Tuesday, June 26, 2018

The longest day

All year long I wait for the longest day of the year. I love living in New England, but the price I pay are the dusks that fall at 4:30 p.m. in mid-December. But I feel like I missed it this year. I look back on last week. June 21: a morning appointment to help Marissa with family history research, early afternoon facilitating at DBSA-Boston, my manic-depression and depression support group. Supper with Jim, then a panel of entreprenuers speaking in Jim’s office in the evening. So, as the late dusk fell, I was in a small group, fully absorbed in a fascinating presentation.

Next morning, I was up at 5 a.m. to drive to Worcester and be with Matt for his surgery. Saturday was spent with our daughter and friends. Busy days, that’s wonderful. The last two days have been busy too. And suddenly it’s five days after the longest day and I can feel in my bones the days getting shorter.
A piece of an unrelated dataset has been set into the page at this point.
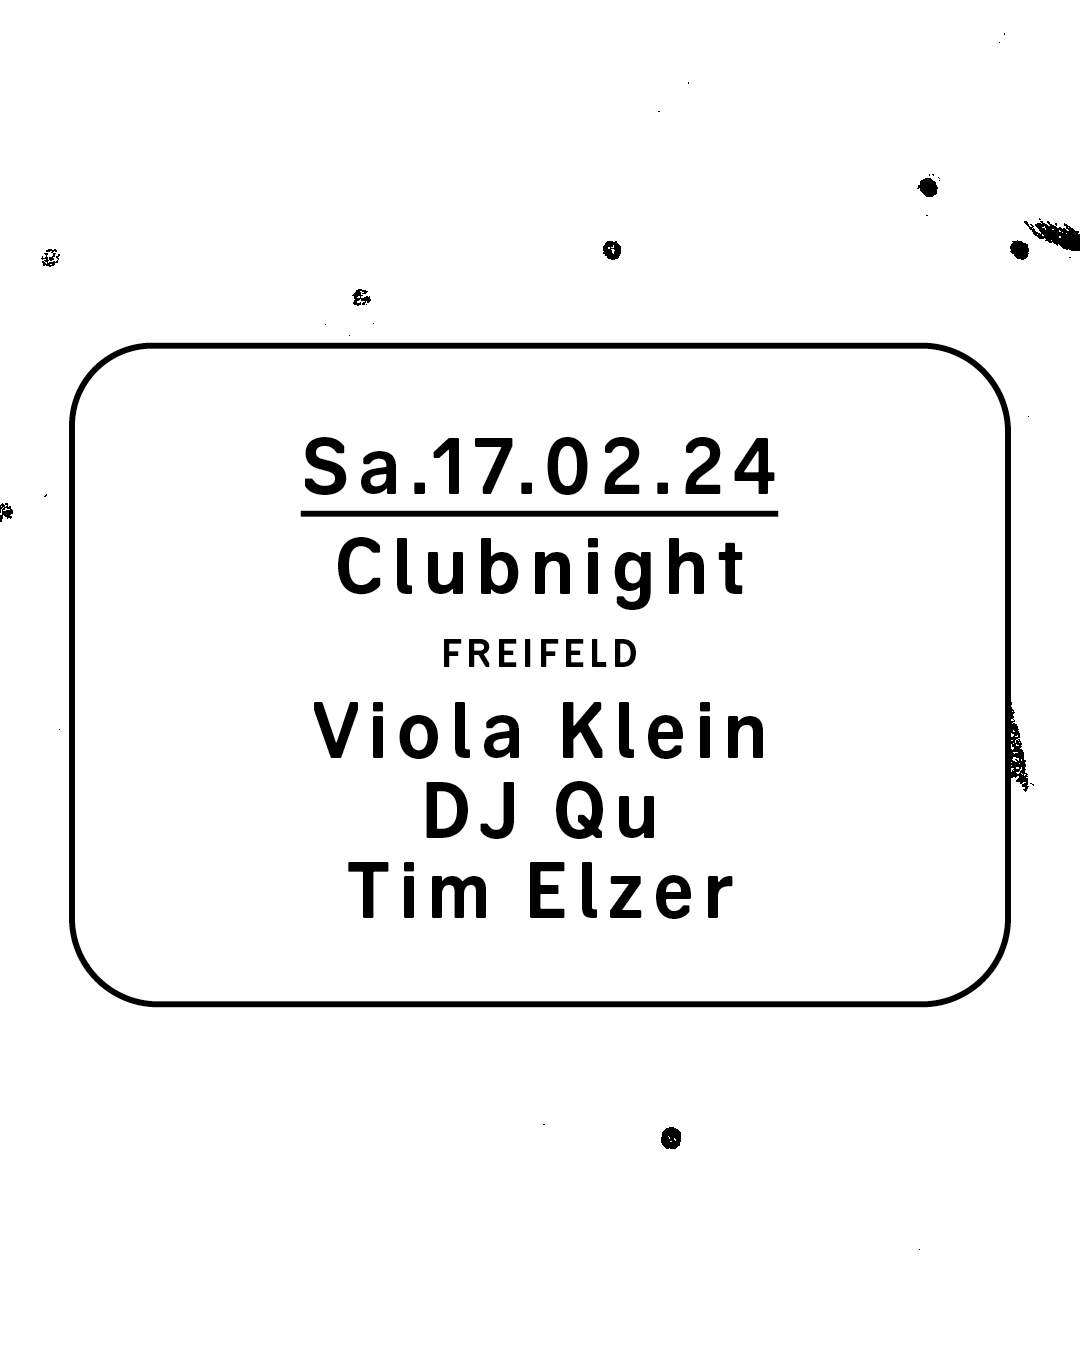 Clubnight - Viola Klein, DJ Qu, Tim Elzer - フライヤー裏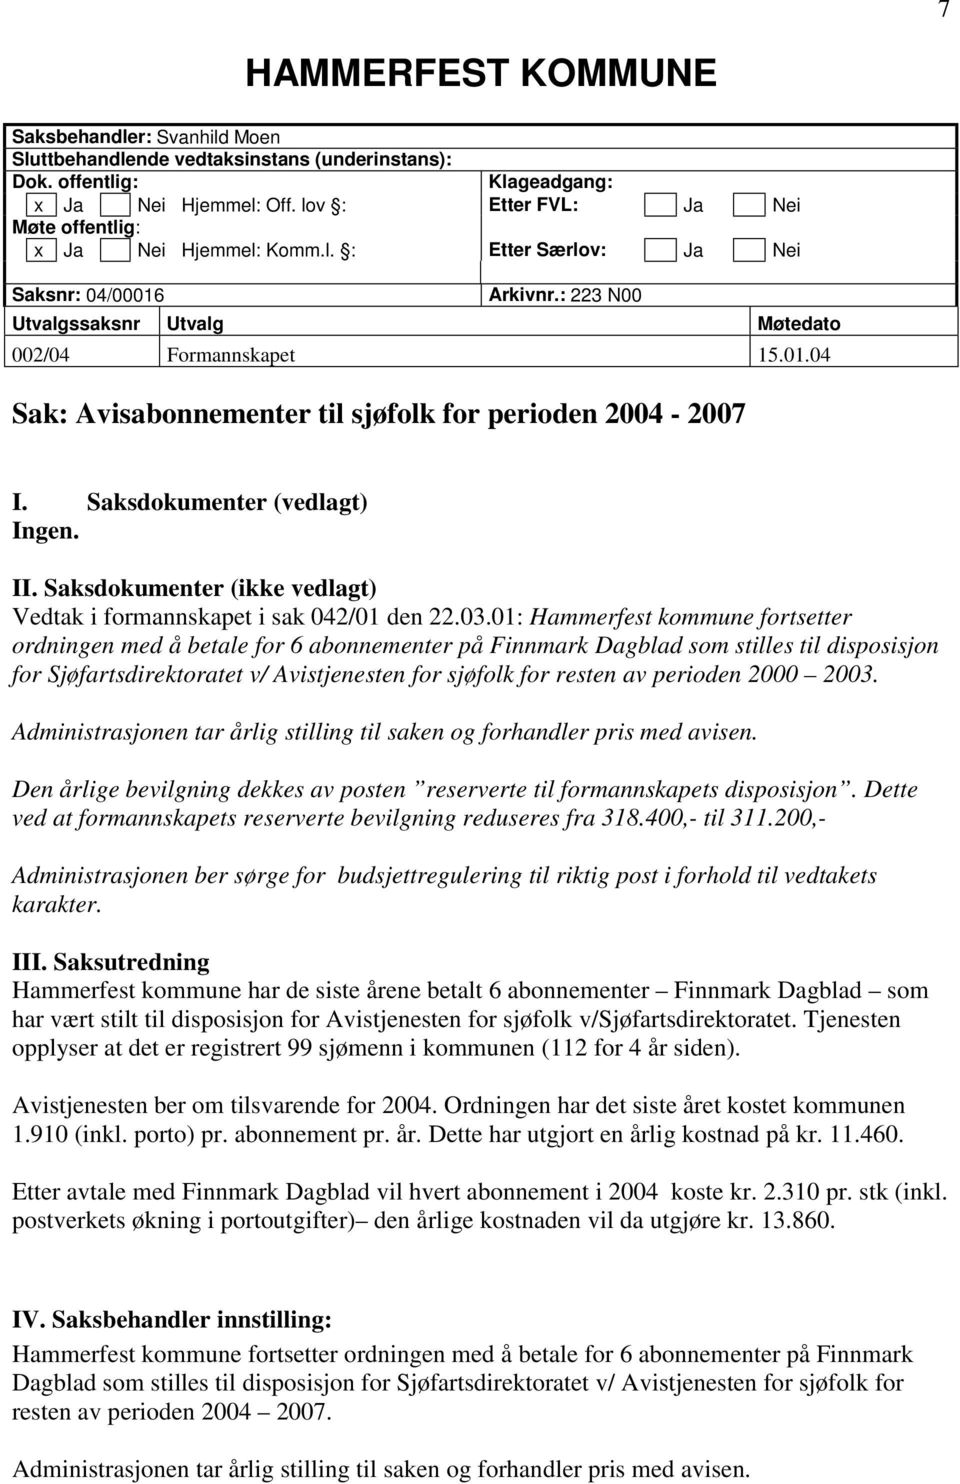 Saksdokumenter (vedlagt) Ingen. II. Saksdokumenter (ikke vedlagt) Vedtak i formannskapet i sak 042/01 den 22.03.

Maybe I’m being morbid. Maybe it has to do with listening to The Year of Magical Thinking by Joan Didion. In beautiful and insightful prose, she chronicles the year after her husband’s sudden death by massive heart attack. Of course, I thought about David, especially when she mentions, several times, dilated pupils: a physiological sign of death. More on all of that in a later post.

I just looked it up: yes, my imagination is running away with me. The longest day was June 21st, but today was a mere minute shorter. And the latest sunset, at 8:25 p.m., occurs June 24-29 this year. I was out in my garden at dusk tonight, watering my tomatoes and tying back my red raspberries. I’m glad to know I was enjoying one of the latest dusks of the year.